Working from the listing below, pick each line containing the word "water" and copy it.

━━━━━━━━━━━━━━━━━━━━

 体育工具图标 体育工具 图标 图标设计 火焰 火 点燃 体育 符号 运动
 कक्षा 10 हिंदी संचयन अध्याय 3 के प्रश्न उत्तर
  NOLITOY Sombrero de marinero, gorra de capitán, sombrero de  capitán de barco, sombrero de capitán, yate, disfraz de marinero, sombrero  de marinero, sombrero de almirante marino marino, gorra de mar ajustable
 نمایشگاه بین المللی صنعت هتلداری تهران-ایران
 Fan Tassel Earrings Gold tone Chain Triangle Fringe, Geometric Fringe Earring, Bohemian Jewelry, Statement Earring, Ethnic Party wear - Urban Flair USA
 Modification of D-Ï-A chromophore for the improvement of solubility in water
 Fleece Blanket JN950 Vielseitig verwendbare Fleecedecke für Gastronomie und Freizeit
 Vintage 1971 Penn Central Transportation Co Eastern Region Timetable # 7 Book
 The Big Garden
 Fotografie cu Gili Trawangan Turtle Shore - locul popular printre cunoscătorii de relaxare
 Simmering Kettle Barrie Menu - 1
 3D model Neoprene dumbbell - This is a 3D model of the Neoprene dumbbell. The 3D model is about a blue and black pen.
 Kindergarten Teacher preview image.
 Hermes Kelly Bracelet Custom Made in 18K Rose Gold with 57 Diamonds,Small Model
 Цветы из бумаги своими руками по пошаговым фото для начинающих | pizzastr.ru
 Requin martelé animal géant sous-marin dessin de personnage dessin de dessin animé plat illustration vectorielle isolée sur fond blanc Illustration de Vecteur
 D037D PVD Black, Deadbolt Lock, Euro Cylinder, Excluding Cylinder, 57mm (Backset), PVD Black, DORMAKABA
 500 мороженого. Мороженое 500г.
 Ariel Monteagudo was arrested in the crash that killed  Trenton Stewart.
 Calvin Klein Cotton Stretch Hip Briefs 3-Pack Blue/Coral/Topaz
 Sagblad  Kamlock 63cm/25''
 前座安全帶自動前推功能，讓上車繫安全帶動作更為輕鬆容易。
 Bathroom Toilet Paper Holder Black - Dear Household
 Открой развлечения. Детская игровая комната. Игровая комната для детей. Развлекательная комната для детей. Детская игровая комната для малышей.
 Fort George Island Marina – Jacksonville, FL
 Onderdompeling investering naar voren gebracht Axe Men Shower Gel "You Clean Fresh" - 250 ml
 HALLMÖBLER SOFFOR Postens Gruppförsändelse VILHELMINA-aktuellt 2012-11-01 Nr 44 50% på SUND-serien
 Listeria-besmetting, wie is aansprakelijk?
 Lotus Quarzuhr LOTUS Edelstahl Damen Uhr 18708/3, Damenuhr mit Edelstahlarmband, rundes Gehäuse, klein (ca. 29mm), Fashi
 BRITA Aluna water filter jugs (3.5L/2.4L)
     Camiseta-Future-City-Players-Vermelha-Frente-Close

━━━━━━━━━━━━━━━━━━━━

> _Task result_
 Modification of D-Ï-A chromophore for the improvement of solubility in water
 BRITA Aluna water filter jugs (3.5L/2.4L)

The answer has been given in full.